Modified Binary Search

This pattern is helpful when solving problems where you need to find elements in an imperfectly sorted array (nearly sorted, rotated sorted, unknown length, containing duplicates). It can also be helpful finding the first or last occurance of an element, finding the square root of a number, and finding a peak element.

def search_rotated_array(nums, target):
    left, right = 0, len(nums)-1
    while left <= right:
        mid = (left + right) // 2
        if nums[mid] == target:
            return mid
        if nums[left] <= nums[mid]:
            if nums[left] <= target < nums[mid]:
                right = mid - 1
            else:
                left = mid + 1
        else:
            if nums[mid] < target <= nums[right]:
                left = mid + 1
            else:
                right = mid - 1

    return -1

print(search_rotated_array([4,5,6,7,0,1,2]))

Binary Tree Traversal

Traversing a tree can use either BFS or DFS, but which one you use can depend on what the use case is.

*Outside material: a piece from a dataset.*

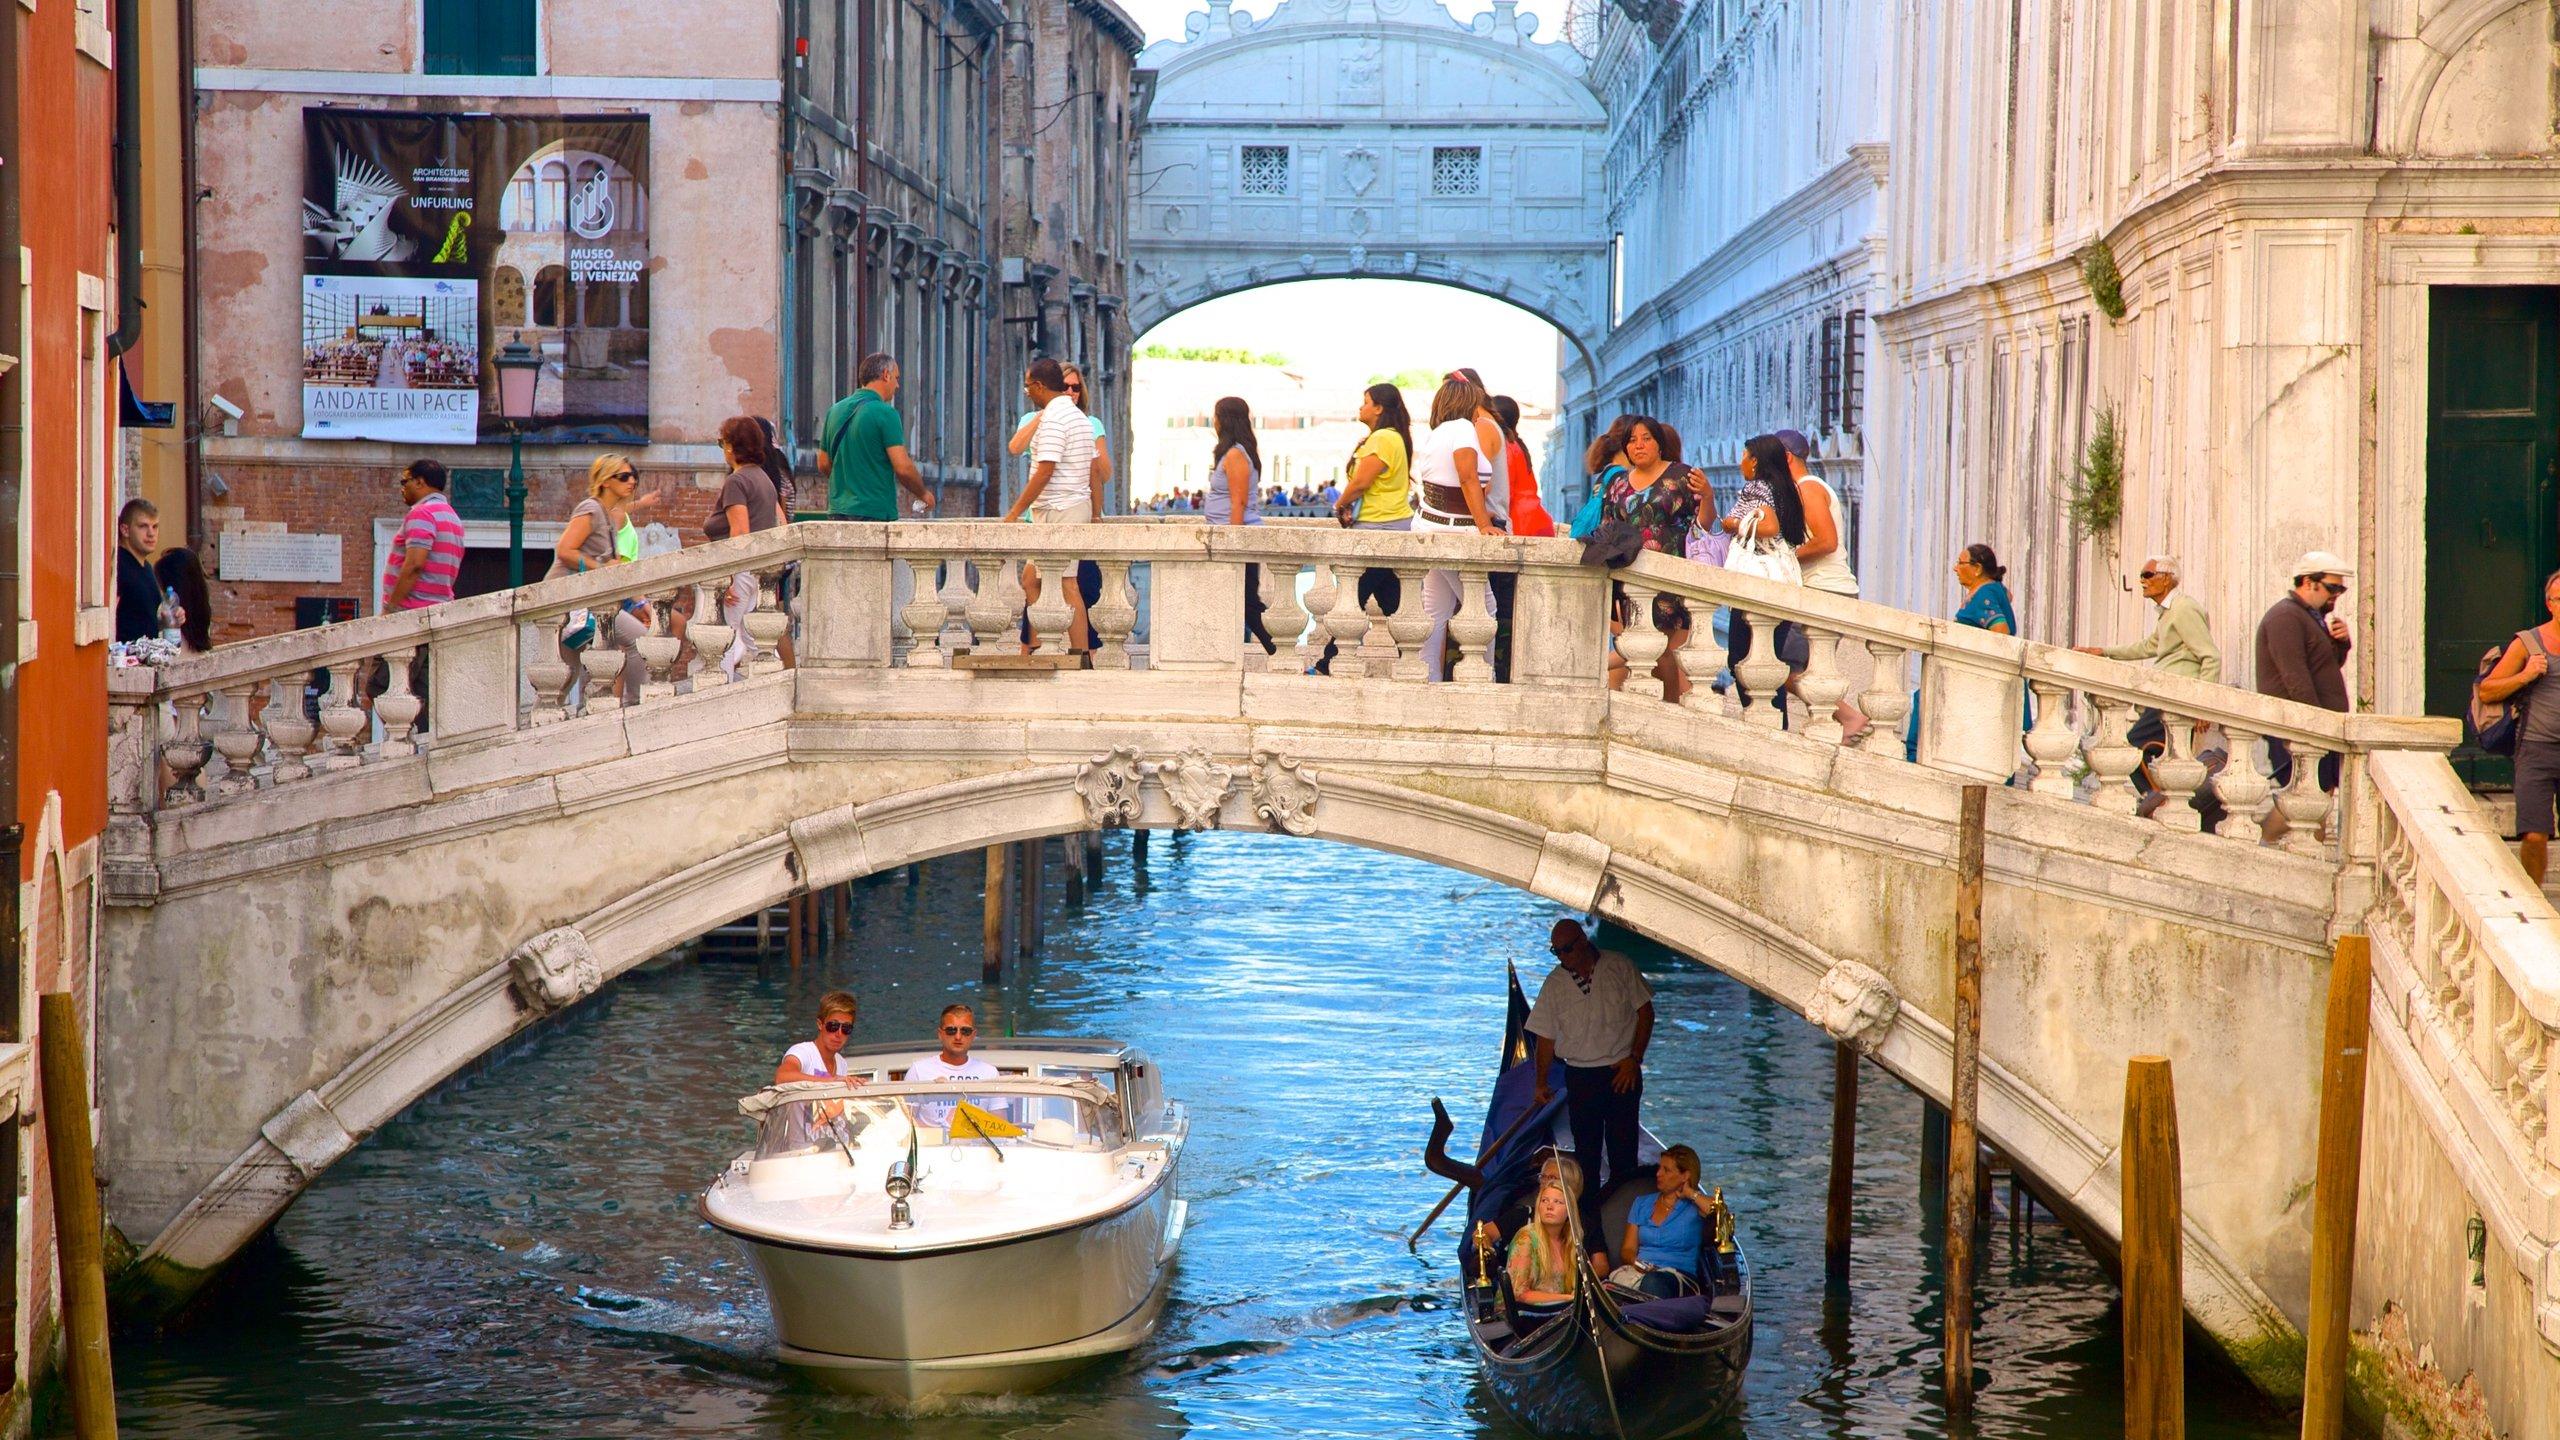 Venezia-Murano-Burano, Veneto, Italy
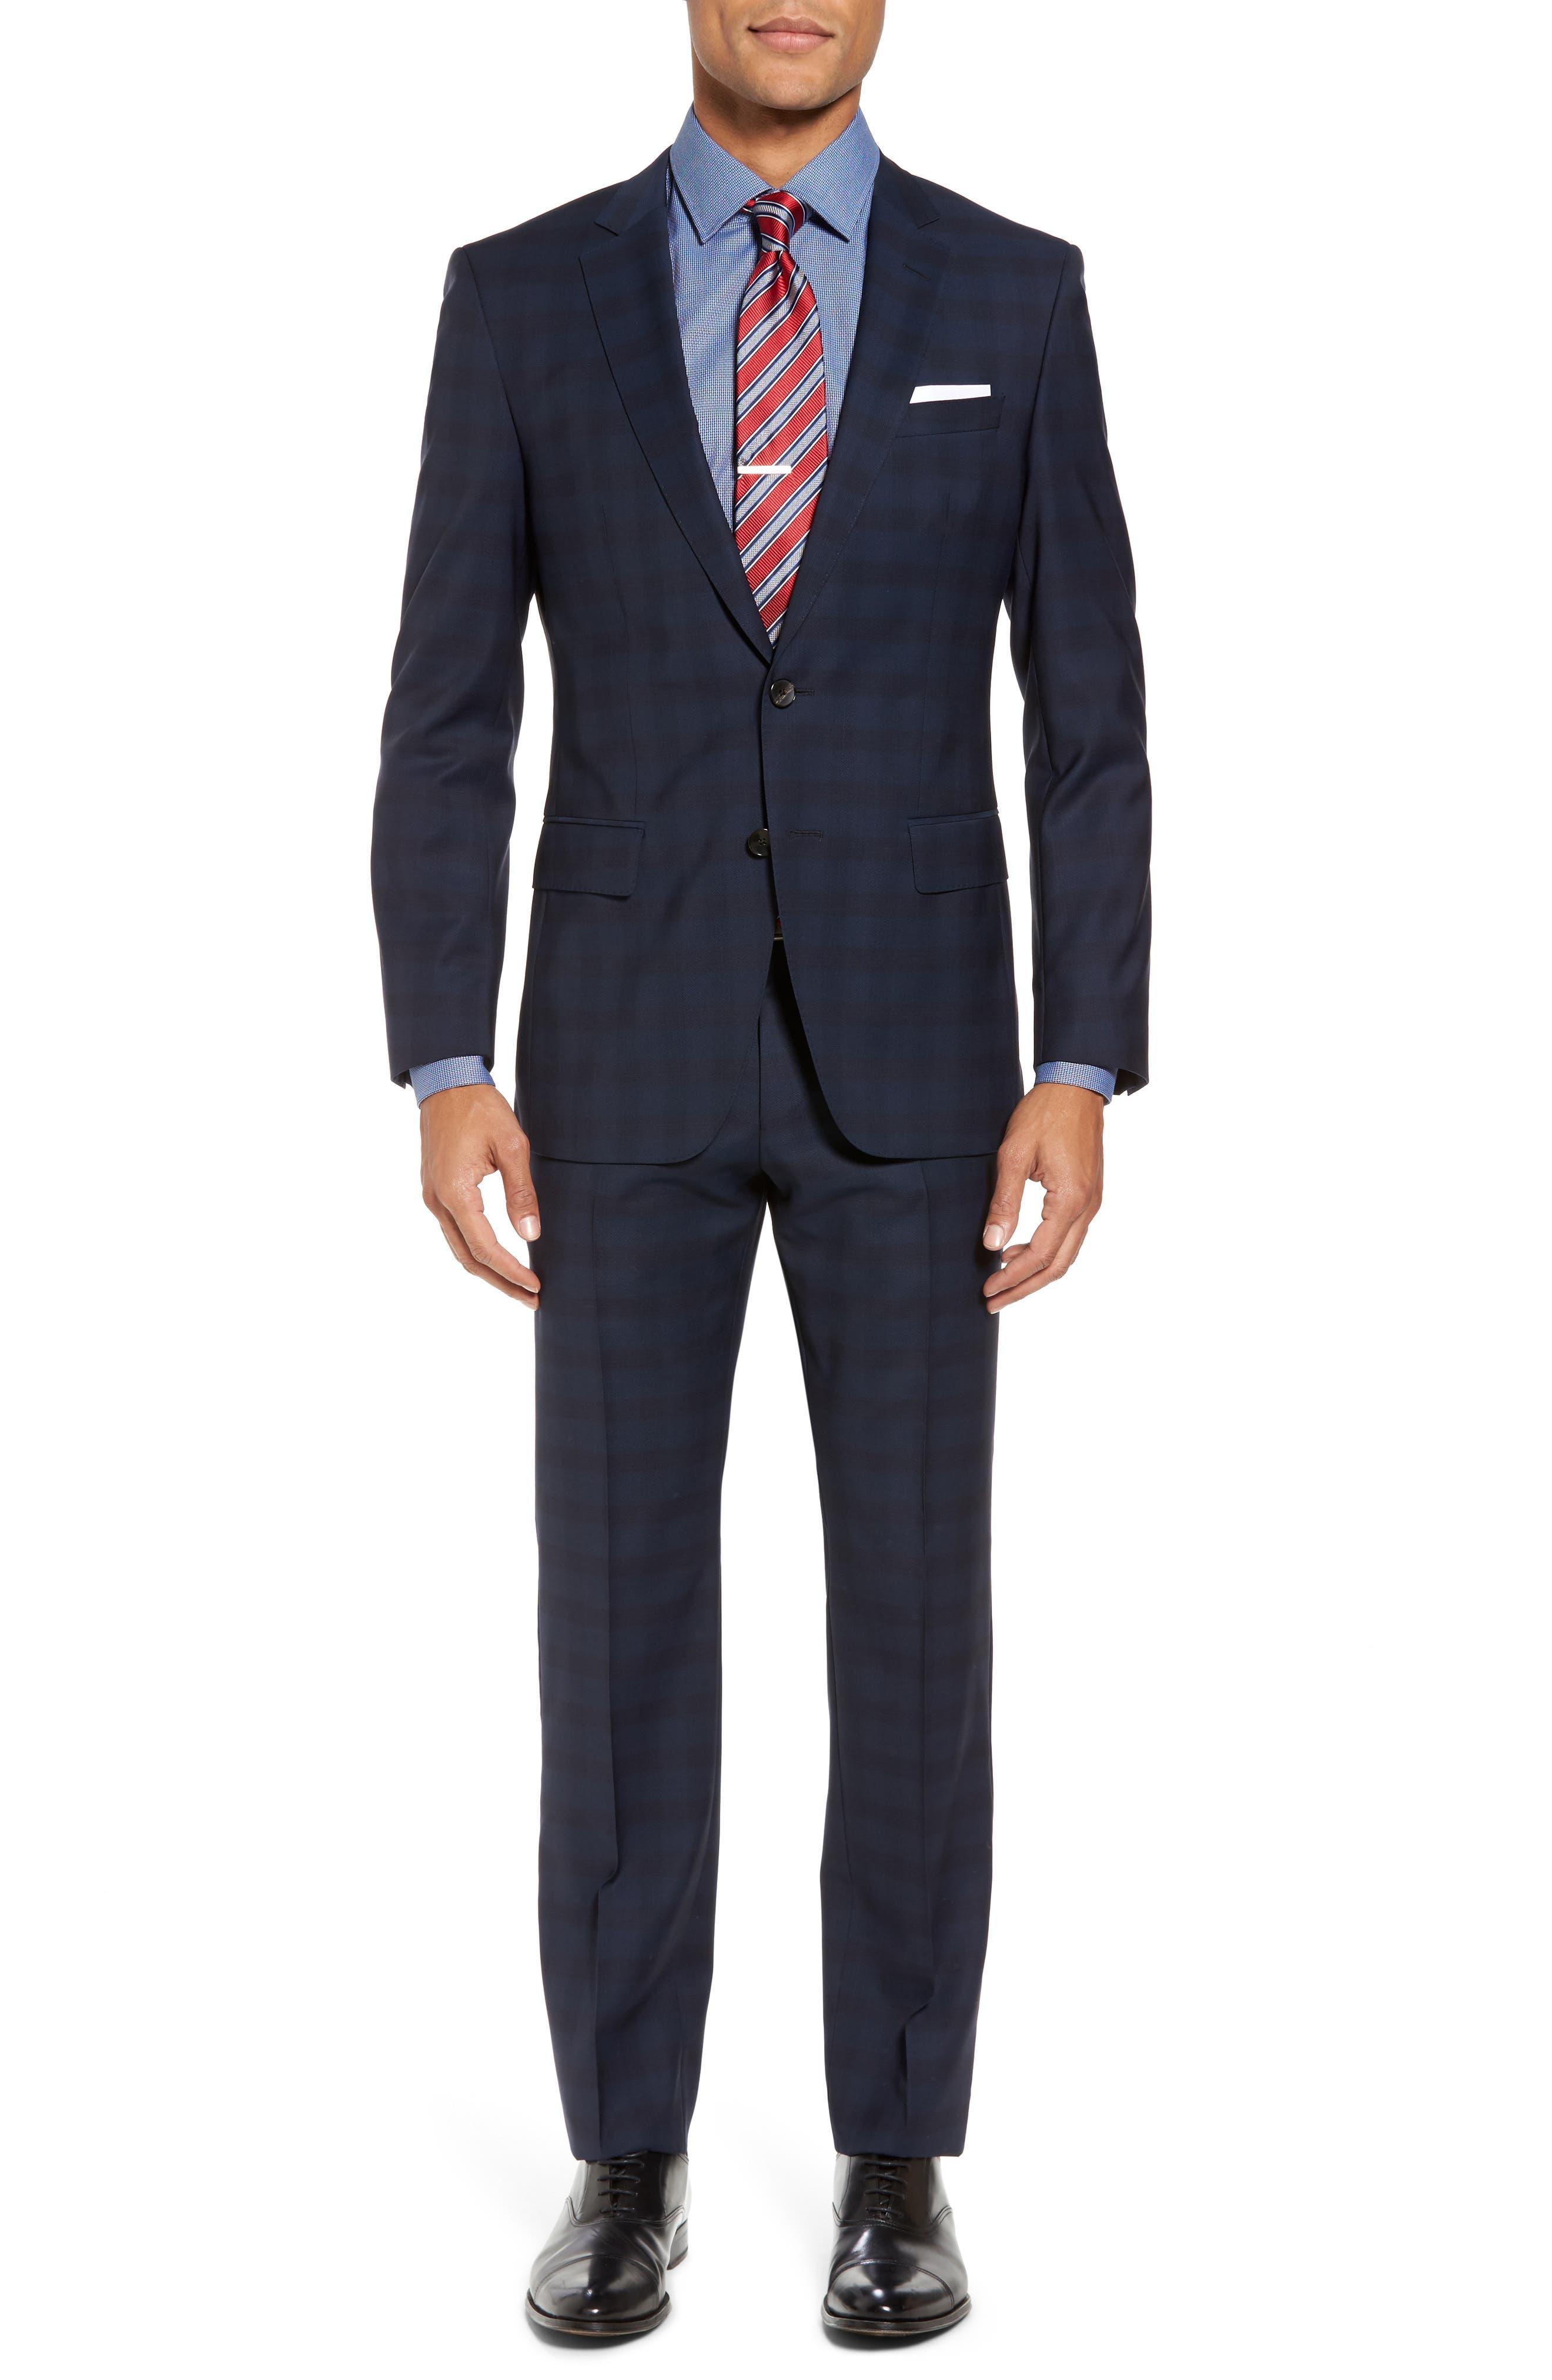 Alternate Image 1 Selected - BOSS Huge/Genius Trim Fit Plaid Wool Suit

• To retrieve values, use DFS inorder traversal.
• To create a copy of a tree, use DFS preorder traversal.
• To process child nots before the parent (like deleting a tree), use DFS postorder traversal.
• If you need to explore all nodes at current level before moving on, use BFS.

Matrix Traversal

Matrix traversal can be seen as graph problems, so you can use DFS or BFS to solve a lot of these problems.

# Number of Islands problem
def count_islands(grid):
    if not grid or not grid[0]: return 0

    rows, cols = len(grid), len(grid[0])
    islands = 0

    def dfs(i,j):
        if i < 0 or i >= rows or j < 0 or j >= cols or grid[i][j] != '1':
            return

        grid[i][j] = '0'
        dfs(i+1, j)
        dfs(i-1, j)
        dfs(i, j+1)
        dfs(i, j-1)

    for i in range(rows):
        for j in range(cols):
            if grid[i][j] == "1":
                dfs(i,j)
                islands += 1
    return islands

Backtracking

This can be used to find all potential solution paths and backtracking the paths that do not lead to a solution. This can be helpful for finding permutations, combinations, and all possible paths from start to end points.